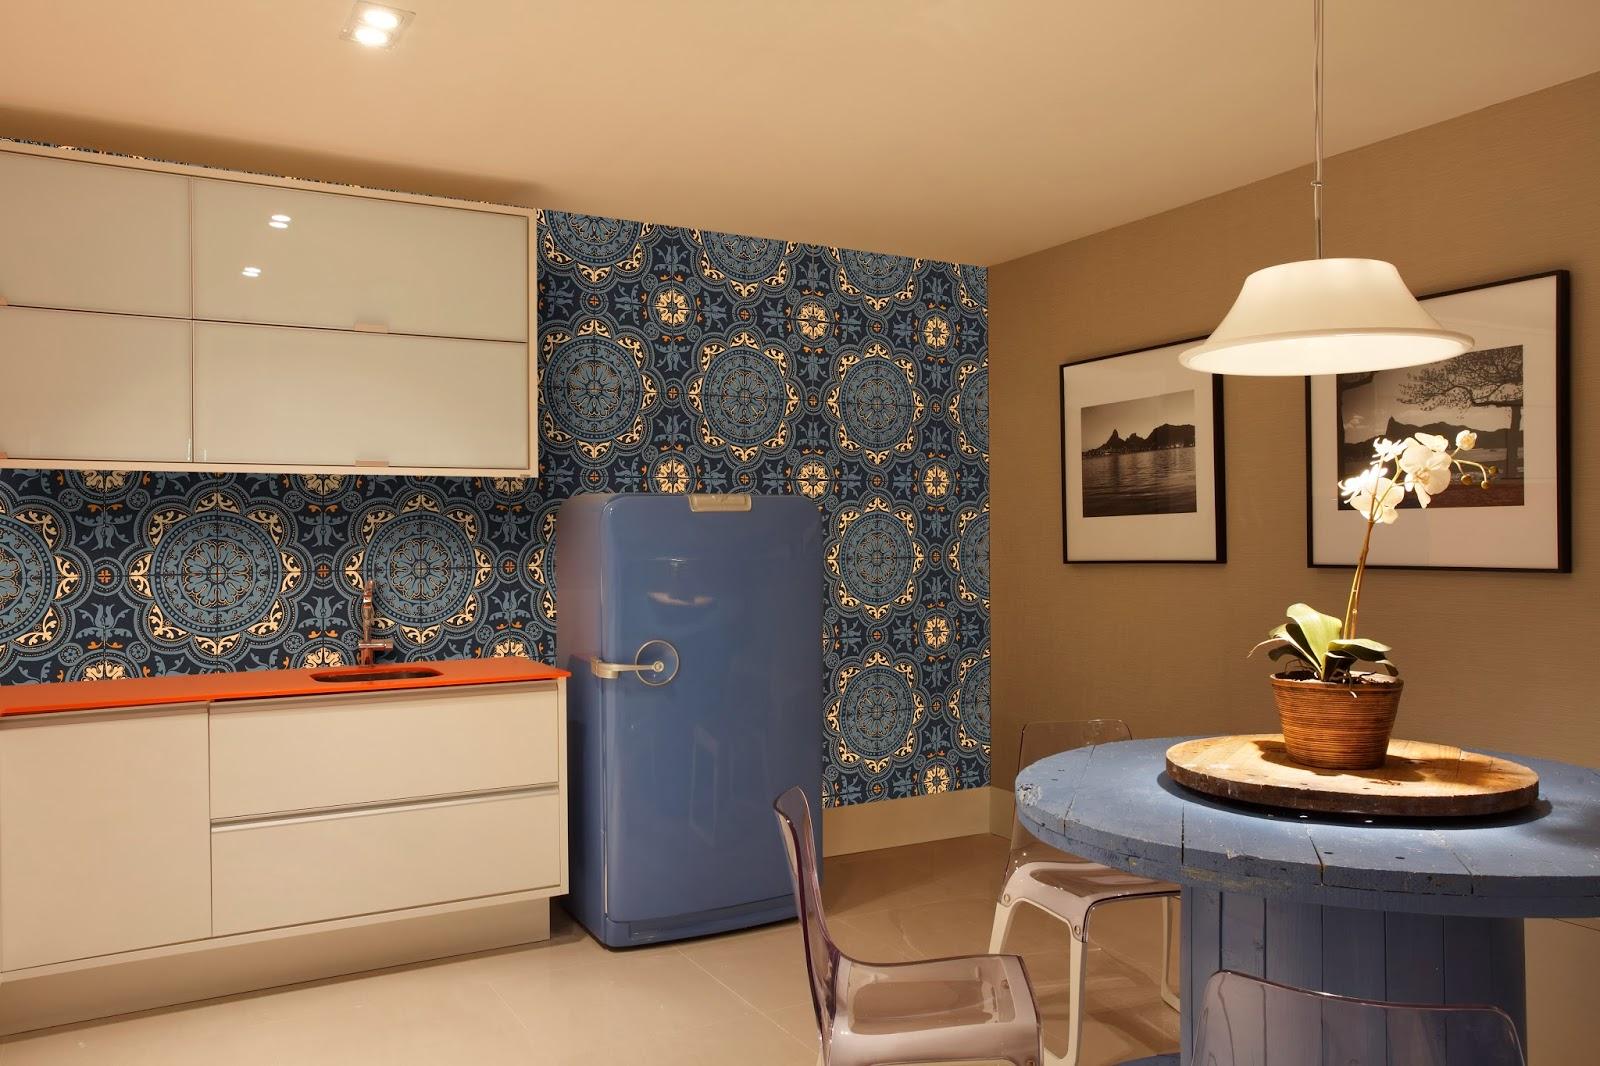 cozinhas planejadas fotos e modelos decoração caipira para cozinha #A25429 1600 1066
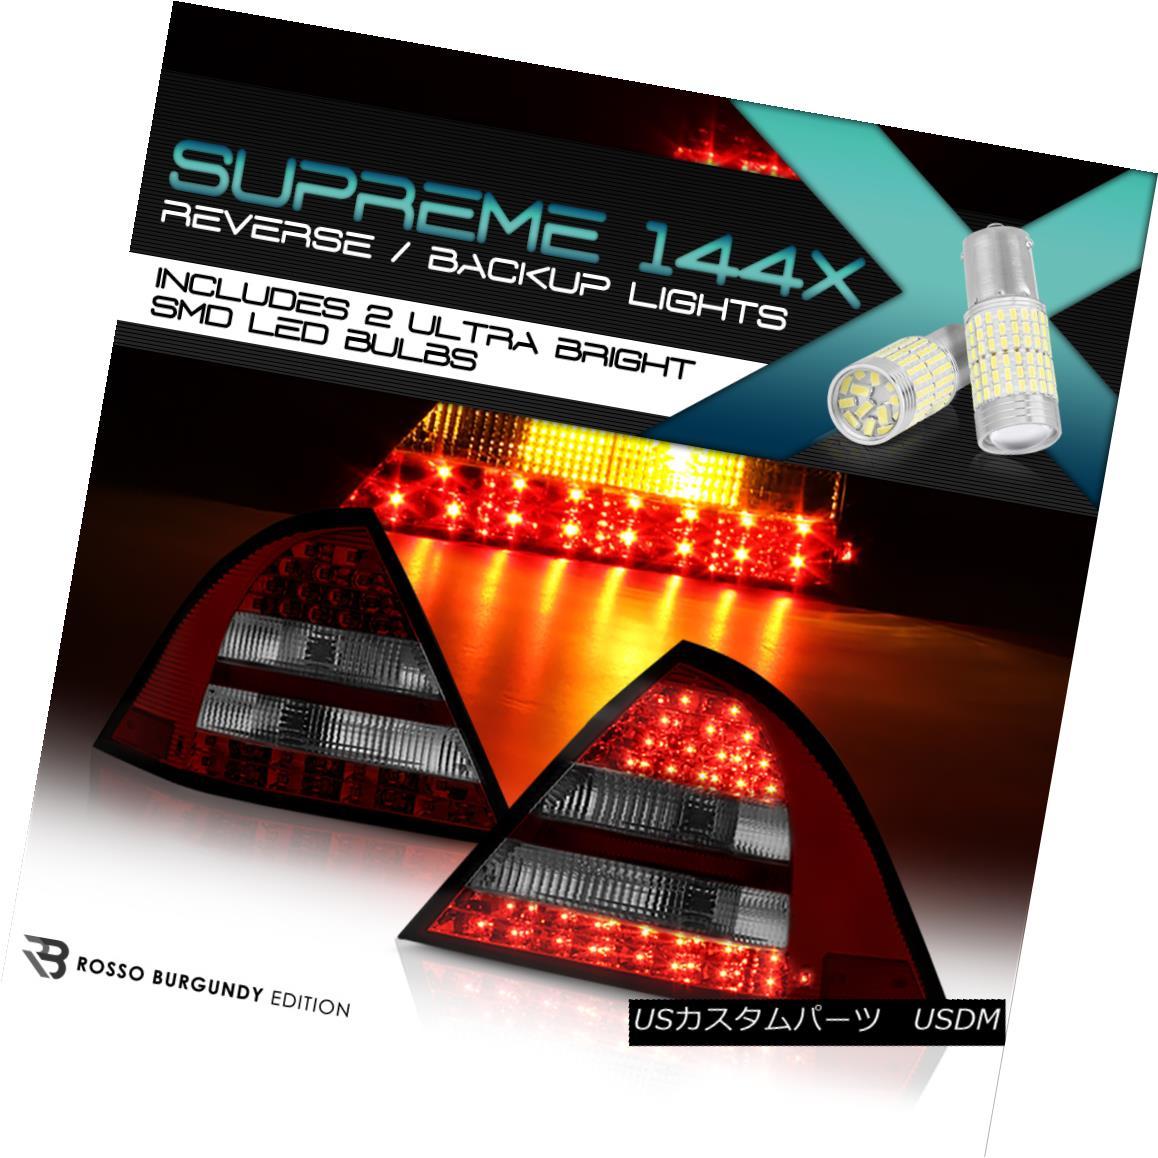 テールライト Full SMD Reverse MBenz W203 C-Class 05-07 Super Bright LED Taillamp Brake Signal フルSMDリバースMBenz W203 Cクラス05-07スーパーブライトLEDタイルランプブレーキ信号
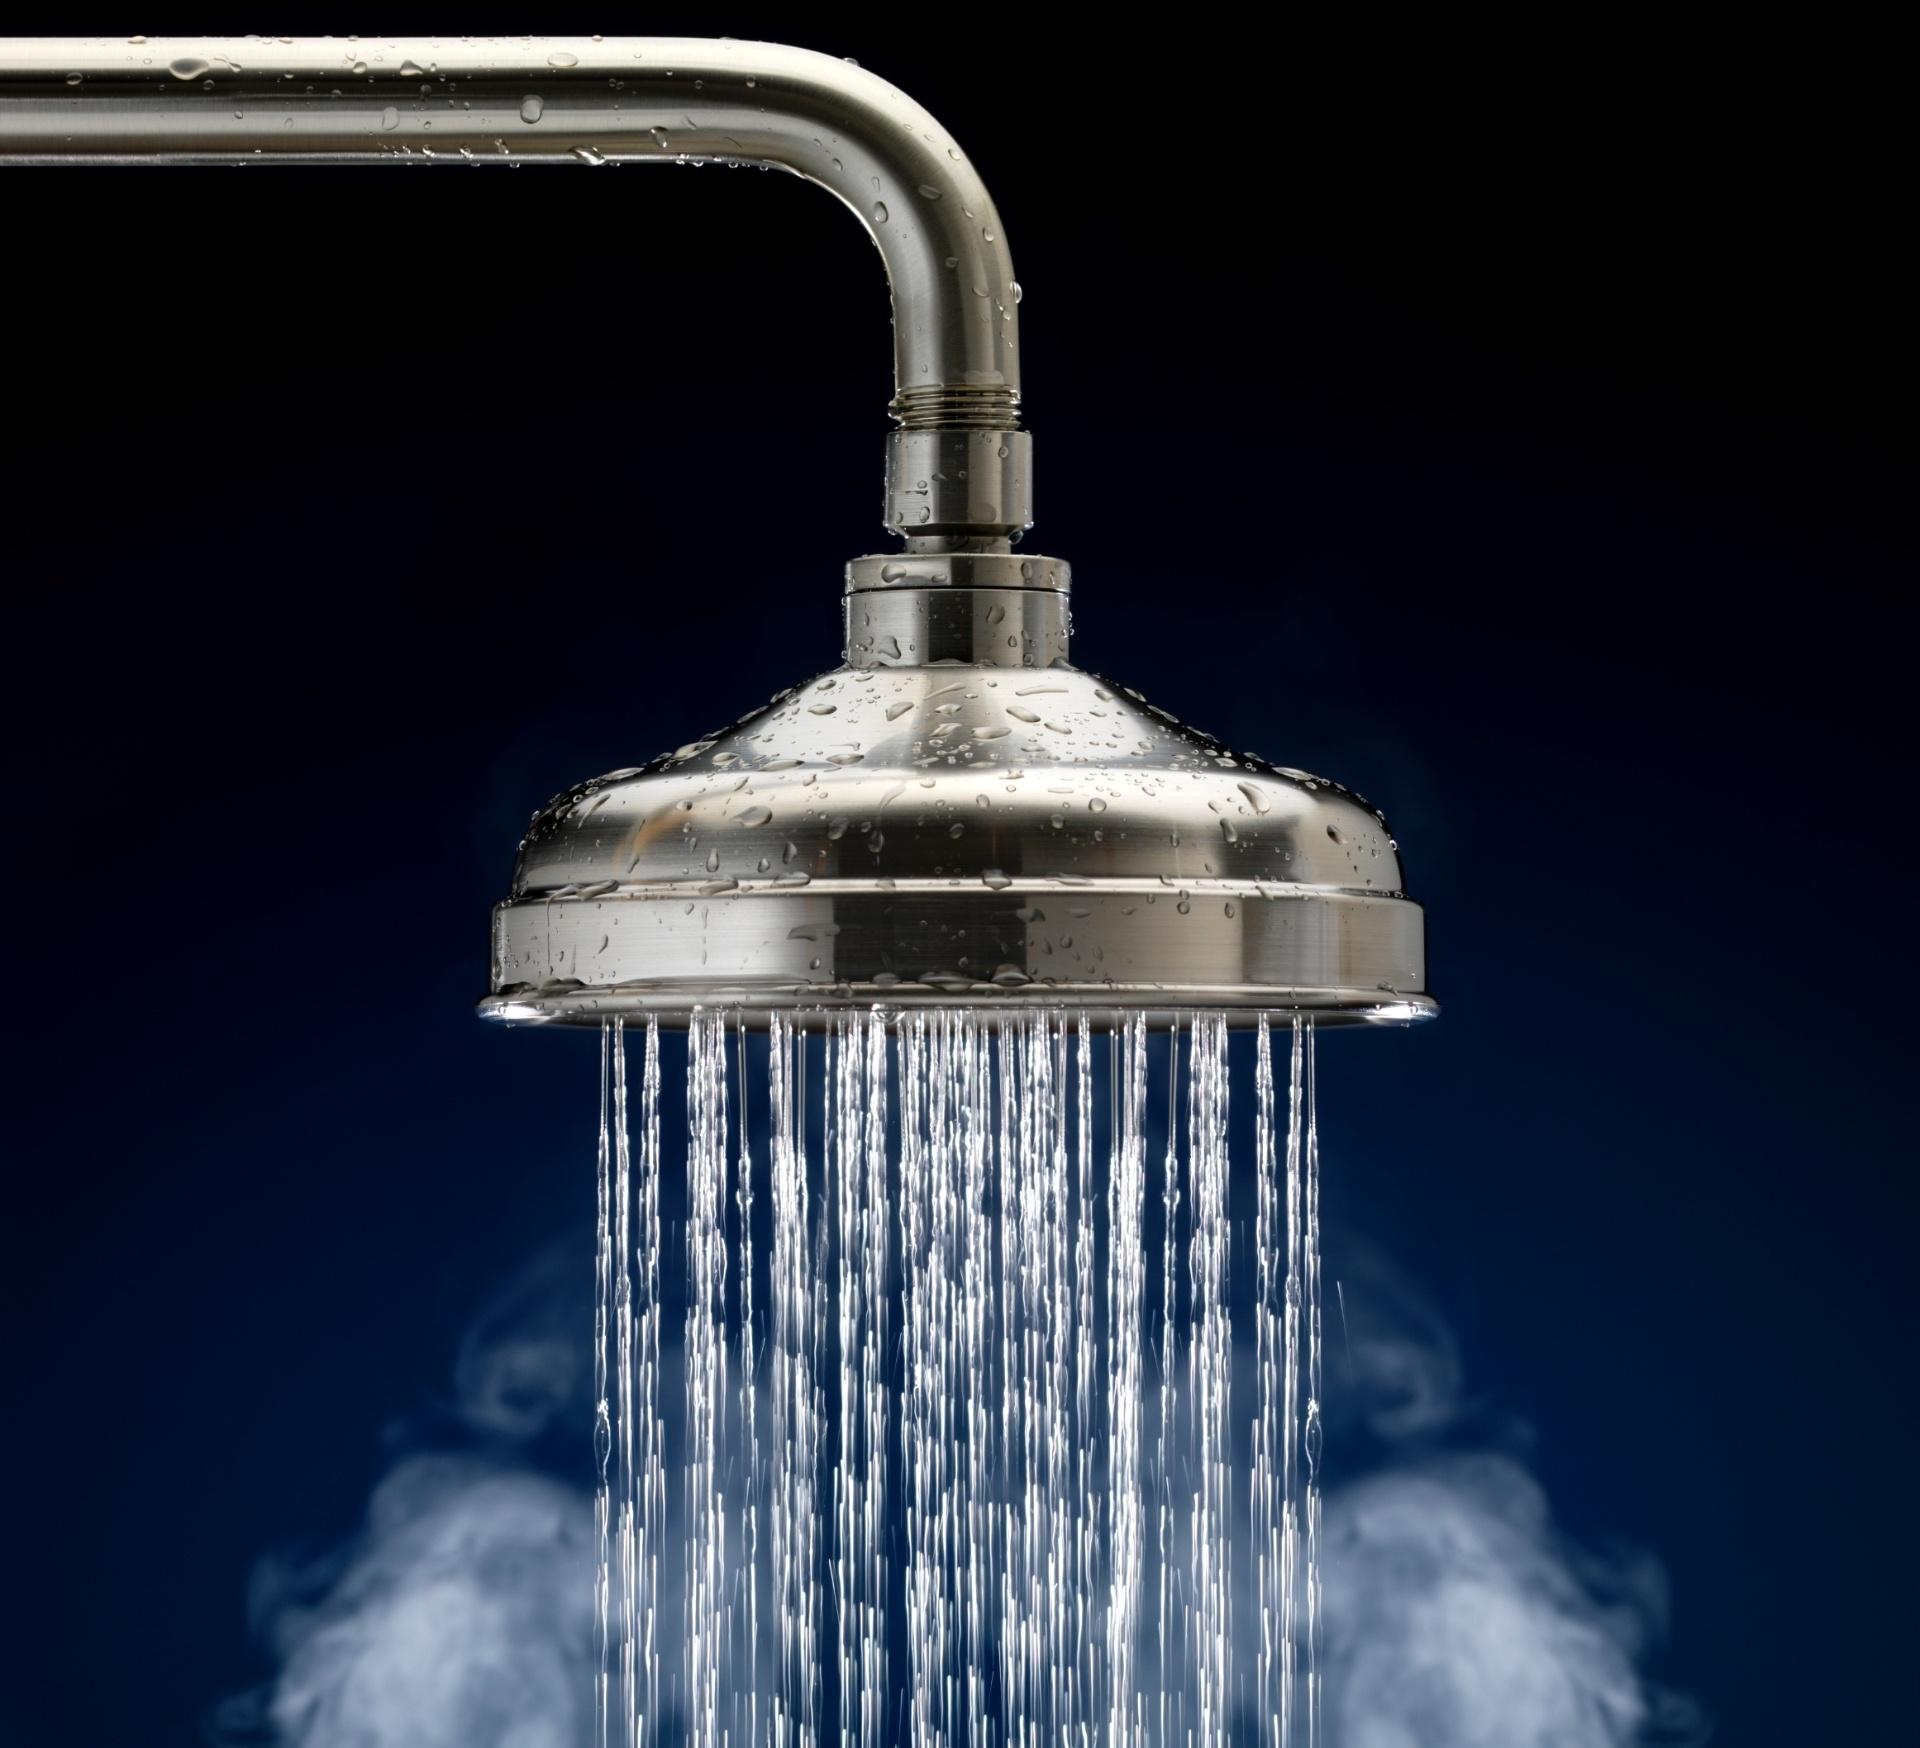 6.mai.2016 - Água quente/ Chuveiro

━━━━━━━━━━━━━━━━━━━━

» **Your instructions**
Word for word, restate all of the data, but do not copy the pictures.

» **Exercise response**
 cozinhas planejadas fotos e modelos decoração caipira para cozinha #A25429 1600 1066
 テールライト Full SMD Reverse MBenz W203 C-Class 05-07 Super Bright LED Taillamp Brake Signal フルSMDリバースMBenz W203 Cクラス05-07スーパーブライトLEDタイルランプブレーキ信号
 6.mai.2016 - Água quente/ Chuveiro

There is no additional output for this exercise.